February Recap this weekend,
PS. Thoughts on this year or other leap years that stand out to you?

Thursday, February 27, 2020

February 27, 2020: Leap Years: 1948

[In honor of this once-in-four-years phenomenon, I wanted to highlight and AmericanStudy a few interesting leap years from American history.]
On a couple significant election contexts beyond “Dewey Defeats Truman.”

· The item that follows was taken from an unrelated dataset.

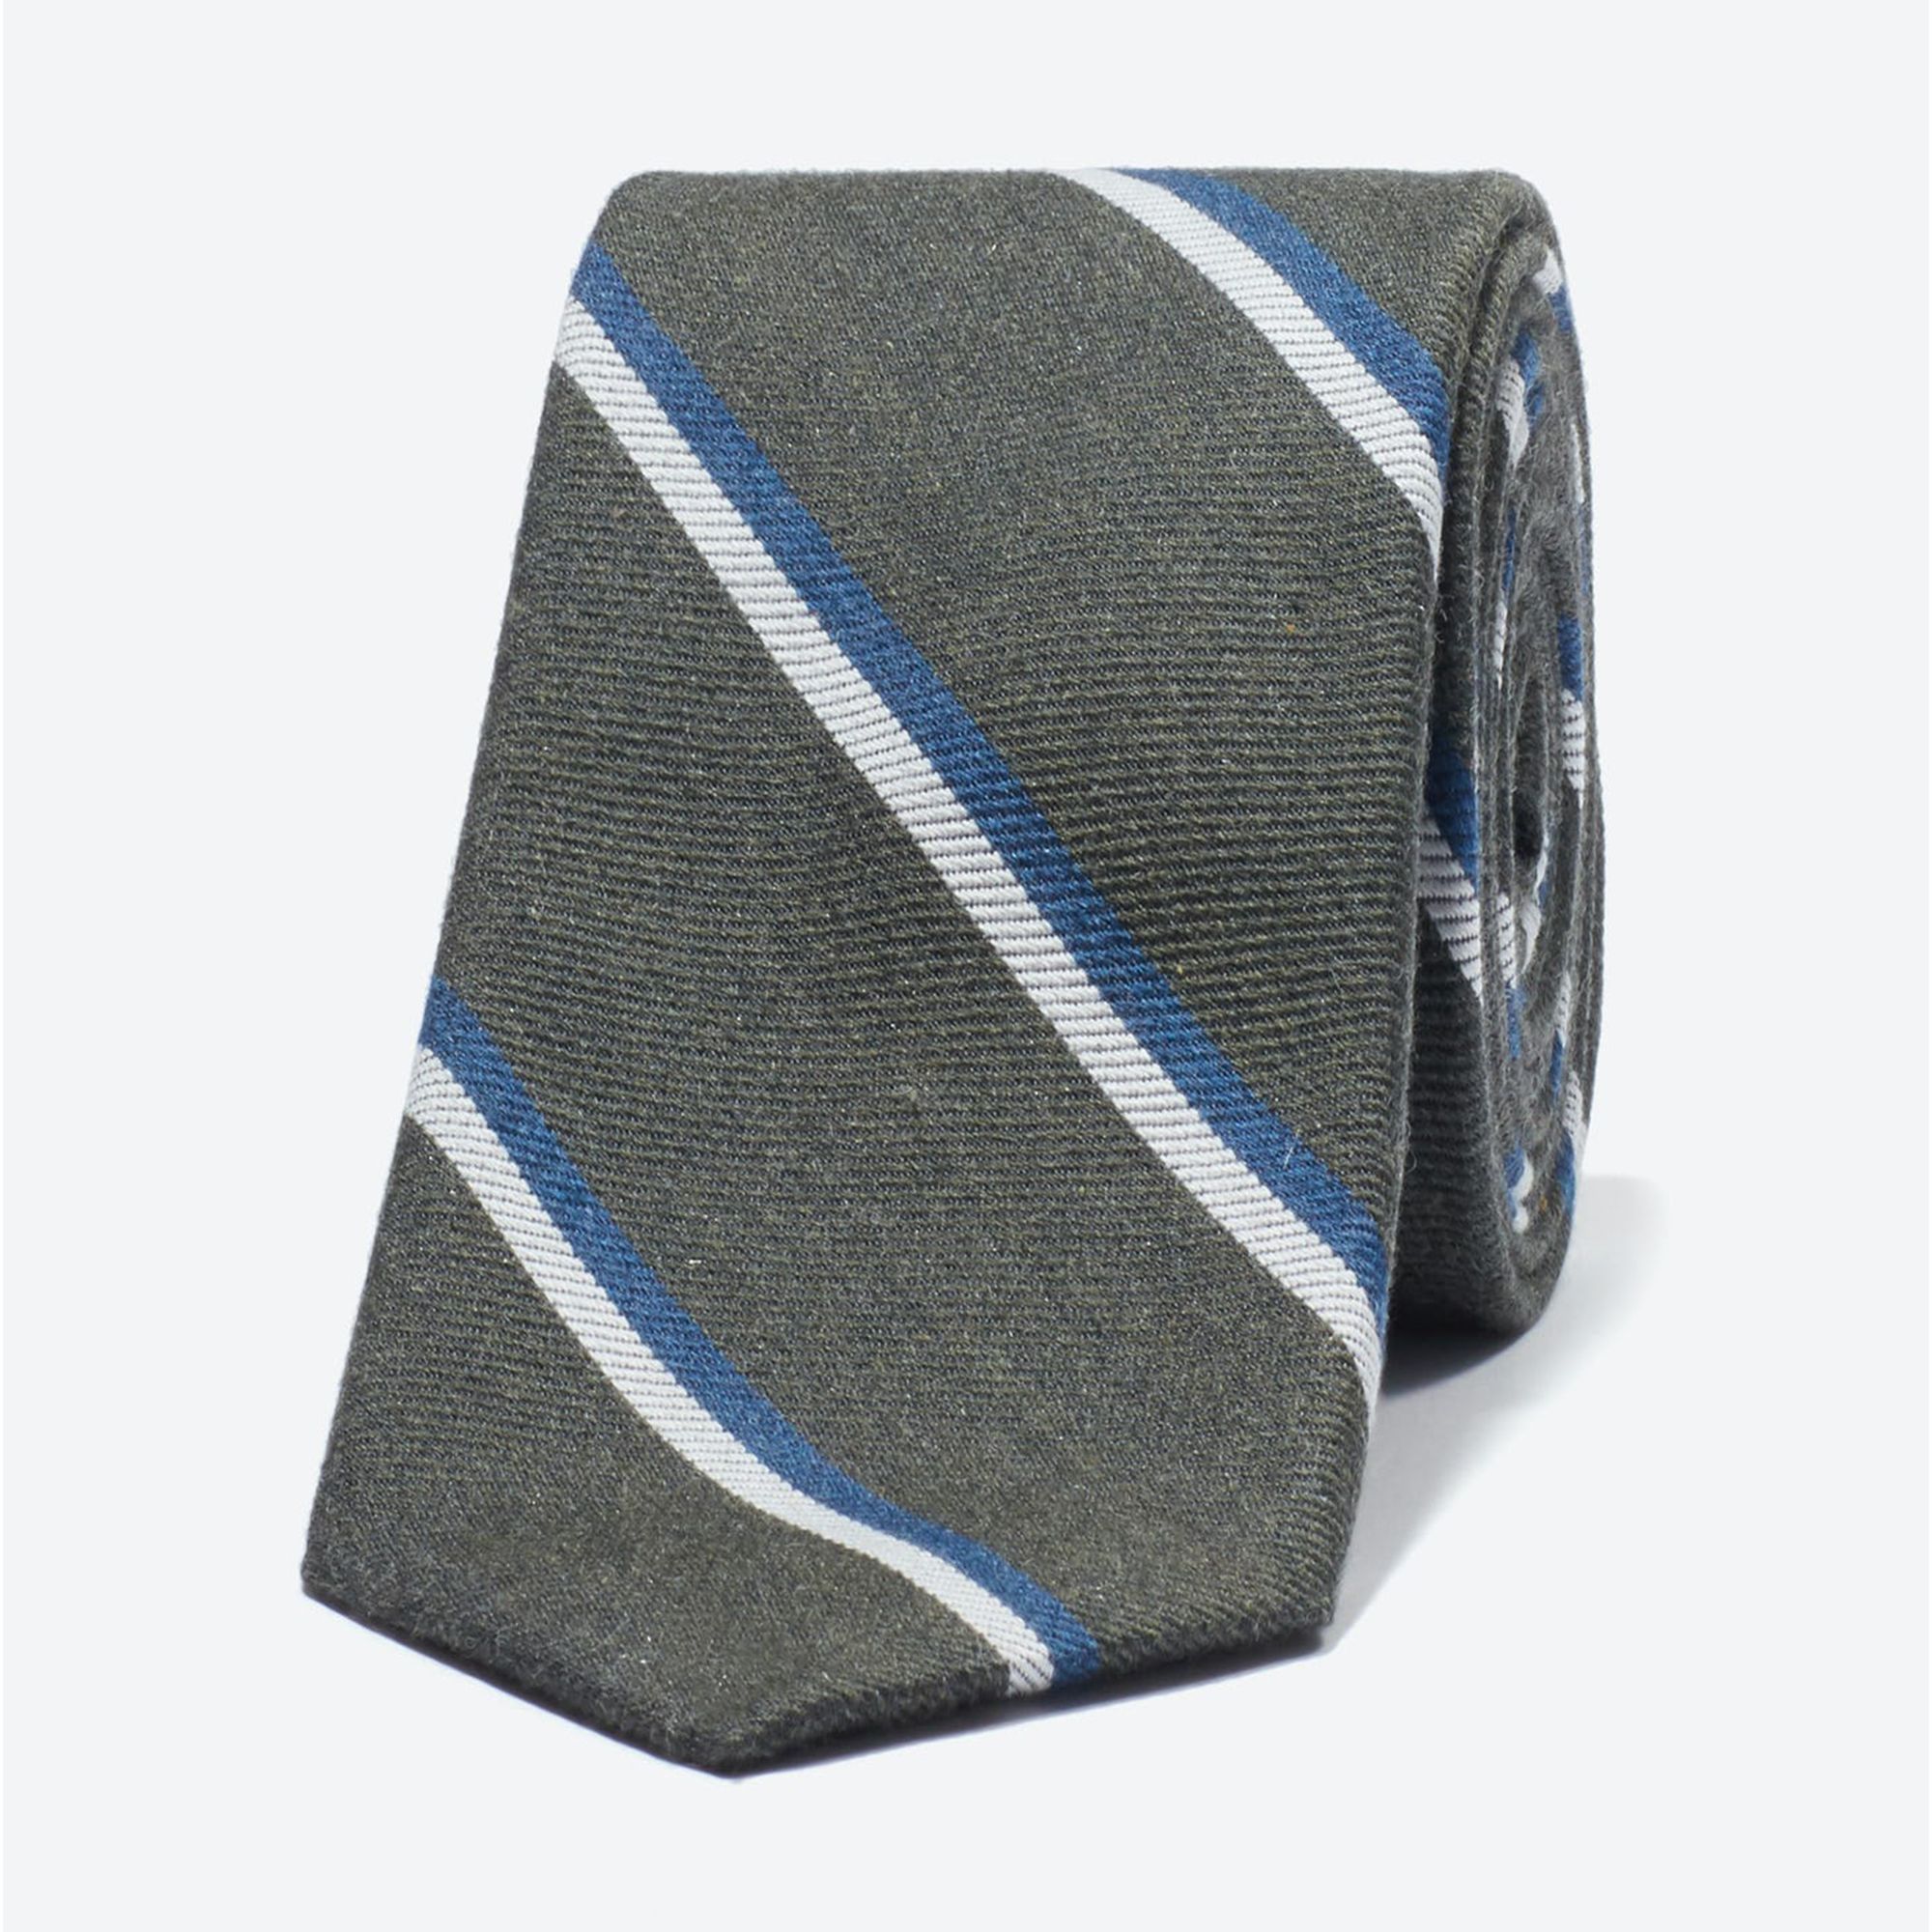 Premium Necktie

Don’t get me wrong—“Dewey Defeats Truman” was a unique historical moment, and the shot of a jubilant Truman holding a copy of that November 3rd Chicago Tribune is one of the more rightfully iconic 20th century photographs. The moment also reminds us of just how much American newspapers have always been affiliated with partisan politics: the Tribune was a solidily Republican-leaning paper with no love lost for the incumbent Democrat, and its choice to allow veteran political analyst Arthur Sears Henning’s electoral prediction to determine their next day’s front page (the paper went to press prior to the close of polls on the West coast) was no doubt due at least in part to editorial wishful thinking. It’s easy to decry the partisanship of contemporary newspapers and news media (for more on which see this post), but in truth that’s been part of their identity throughout American history.

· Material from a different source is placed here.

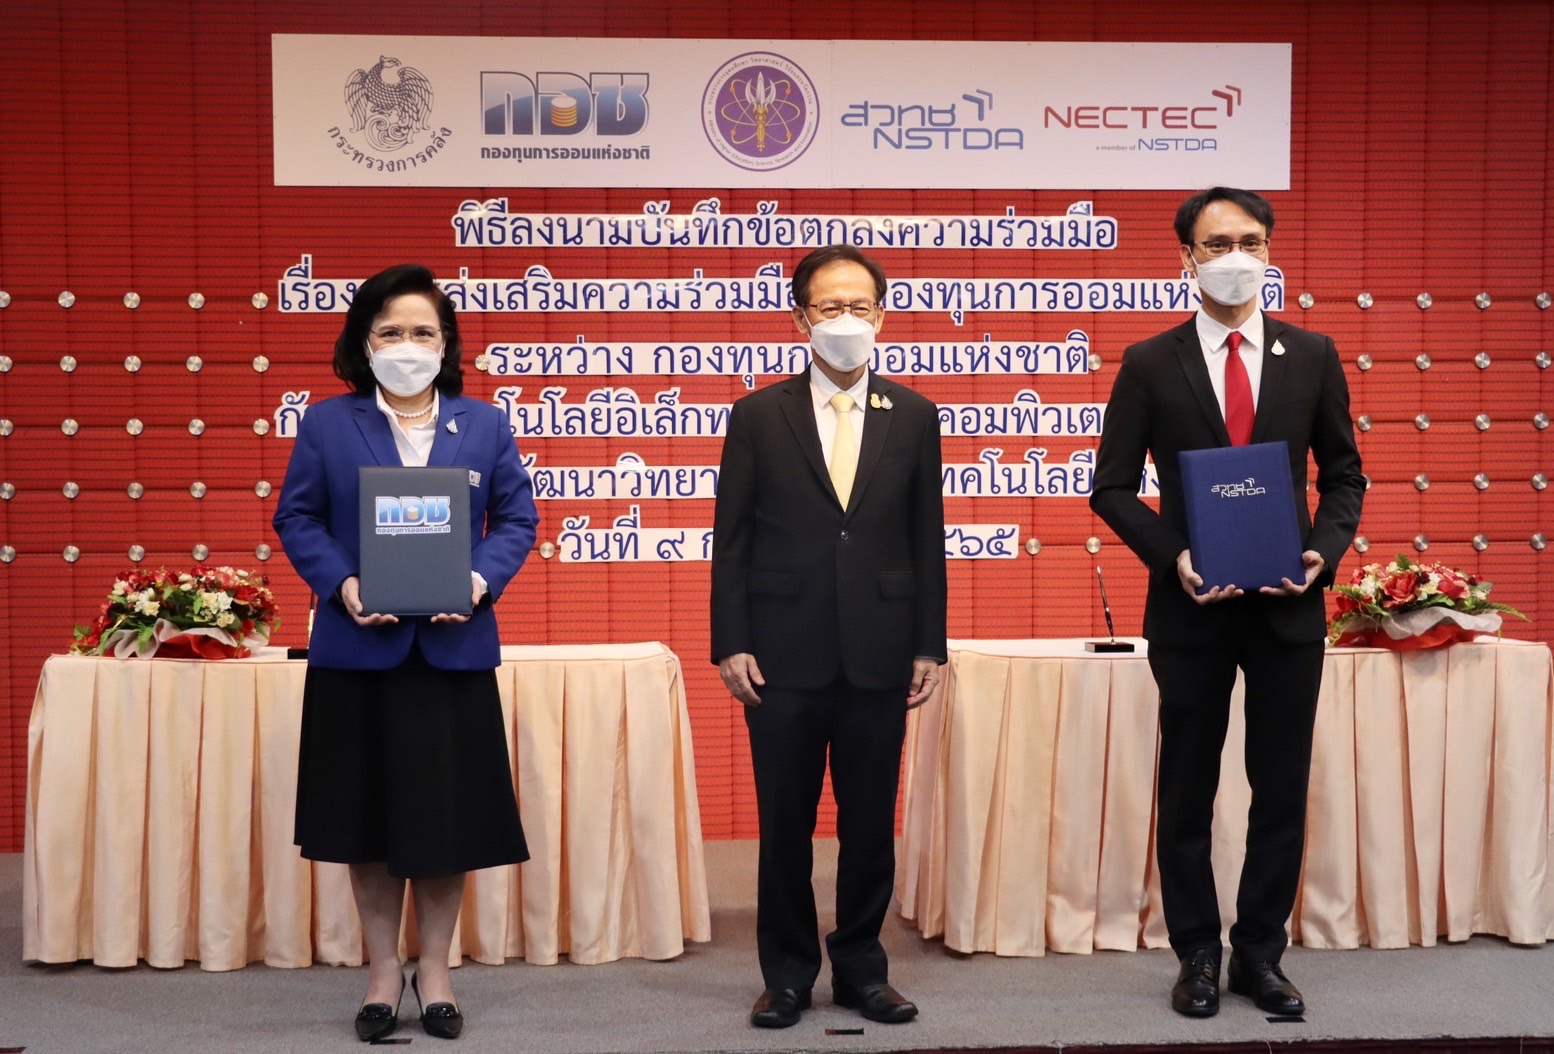 “กอช. ร่วมมือ เนคเทค สวทช. พัฒนาระบบบริการสมาชิกด้วยเทคโนโลยีที่ทันสมัย สอดรับแผนพัฒนารัฐบาลดิจิทัลประเทศไทย พ.ศ. 2563-2565”

But even if the Tribune had gotten its prediction right, the 1948 presidential election would still be a hugely significant one. For one thing, there was South Carolina Senator Strom Thurmond and his third-party run as a Dixiecrat (or, officially, States’ Rights Democrat). Few American histories have been more influential than the long, gradual realignment of politics, race, and region, a story that starts as far back as Abraham Lincoln and Andrew Johnson and extends right up to our present moment. Yet despite that century and a half long arc, the splintering of the Democratic Party at the 1948 national convention represents a striking and singular moment, a fulcrum on which those political and social realities permanently shifted. There were all sorts of complicating factors, not least Thurmond’s own secrets and hypocrises when it came to race—but at the broadest level, few election-year moments have echoed more dramatically than did the Dixiecrat revolt.
For another thing, both Truman and Dewey used the mass media in an unprecedented way in the campaign’s closing weeks. The two campaigns created short newsreel films that were played in movie theaters across the country, reach an estimated 65 million filmgoers each week. The first televised 1960 debate between presidential candidates John F. Kennedy and Richard Nixon is often described as the first national political moment of the media age—or even as a moment that “changed the world”—and certainly its live broadcast to a national audience represented something new in American electoral politics. But since so much of politics in the media age has not been live, has instead comprised constructed and produced media images and narratives, it’s fair to say that Truman’s and Dewey’s competing movies likewise foreshadowed a great deal of what was to come in the subsequent half-century and more of elections.
Last leap year studying tomorrow,
PS. Thoughts on this year or other leap years that stand out to you?